Just Minutes before end of shooting a large band of sheep walks up out of the brakes.

The D-I-L and son where in the right spot after most the day boating, hunting ,glassing , and scoping.

She had to make a choice in a mater of minutes leveled the new Kimber mountain assent 6.5 Creedmoor sights and shoot.

Just a bit over 200 yards and two ridges away.

One shot and it was over or just to begin.

She had made a mistake and only had her Rx sunglasses and it was about to get BLACK.

The boy RAN over and dressed the sheep as she started to feel her way back to the boat.

We have not had any rain for 3 months till this weekend.

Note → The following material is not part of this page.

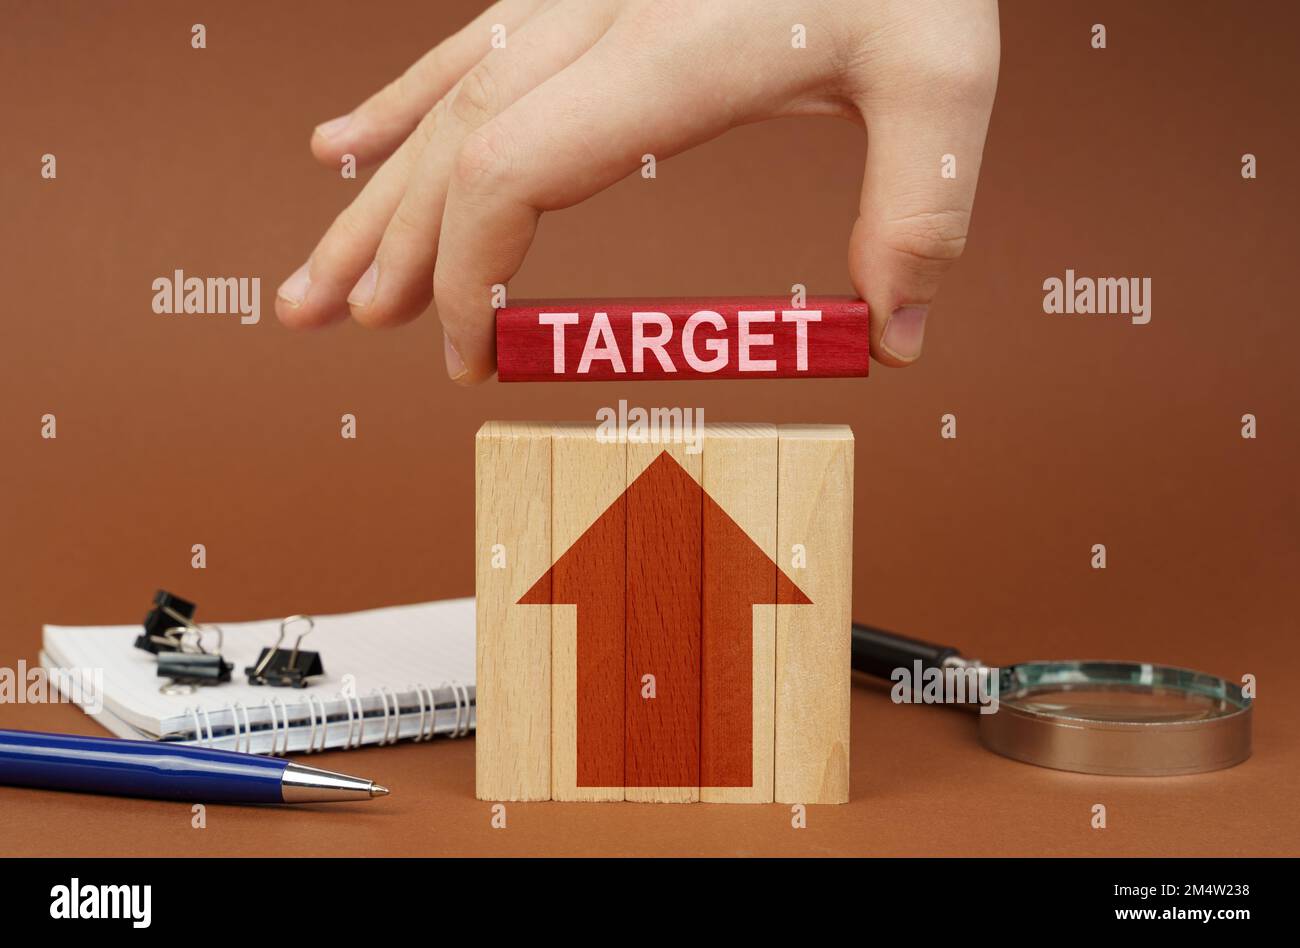 Business concept. On a brown surface are office items, wooden blocks, in the hand is a red block with the inscription - Target Stock Photo
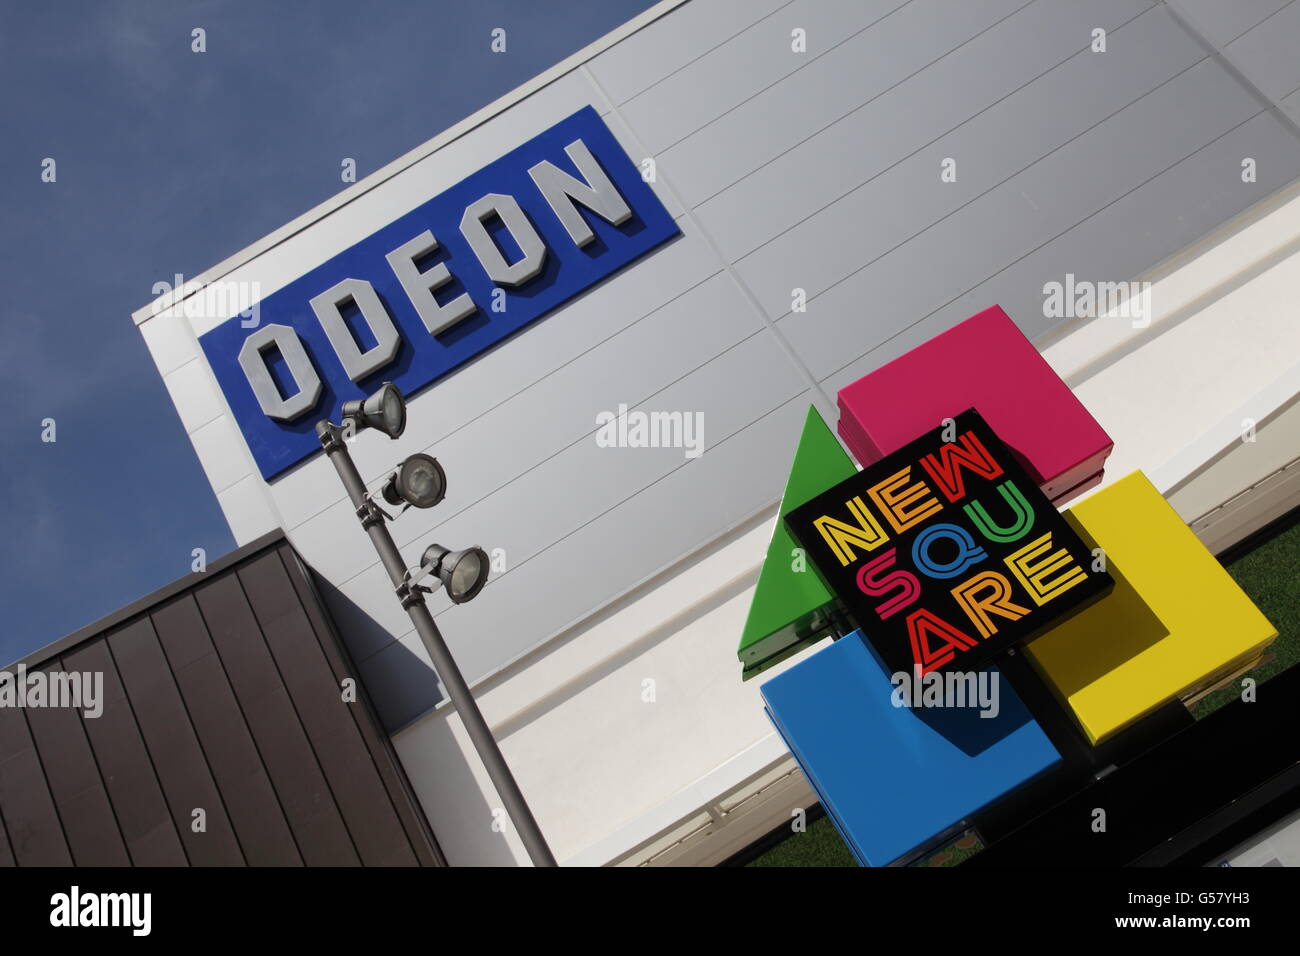 The Odeon Cinema in New Square shopping centre, West Bromwich, Stock Photo

3" in the brakes sucks. She got back to the boat about the same time as the boy both covered in wonderful Montana gumbo.

a 7 mile boat trip in total darkness in the boat and only able to "See" by the GPS. The hit the sack shortly after Ten.

Very little sleep, the coyotes where running wild and making more noise then a Boeing 747 trying to crash land in there camp all night long. First light and they where heading back up river to do some packing. They got there and were tickled the coyotes did not find the EWE. They strapped in on whole and headed out, taking turns packing. She is one tuff cookie and did a lot of the packing.

There another great story and head on her wall


----------



## catcapper (Feb 11, 2010)

Sounds like ya'll had a great time mutton bust'in Dawg--- her smile tells the rest of the story. :thumbsup:

awprint:


----------



## Ruger (Jan 22, 2011)

Great hunt and great times.


----------



## glenway (Mar 27, 2011)

Some tough country for sure. Congratulations to the young lady and all who helped in the effort.


----------



## kiyote (Jun 15, 2014)

congrats . sounds like a great time.


----------



## Mark Steinmann (Jan 28, 2014)

Wow beautiful country and a well deserved animal.

Sent from my SM-G955U using Tapatalk


----------



## youngdon (Mar 10, 2010)

Congrats to the DIL. That country looks awesome for sheep.


----------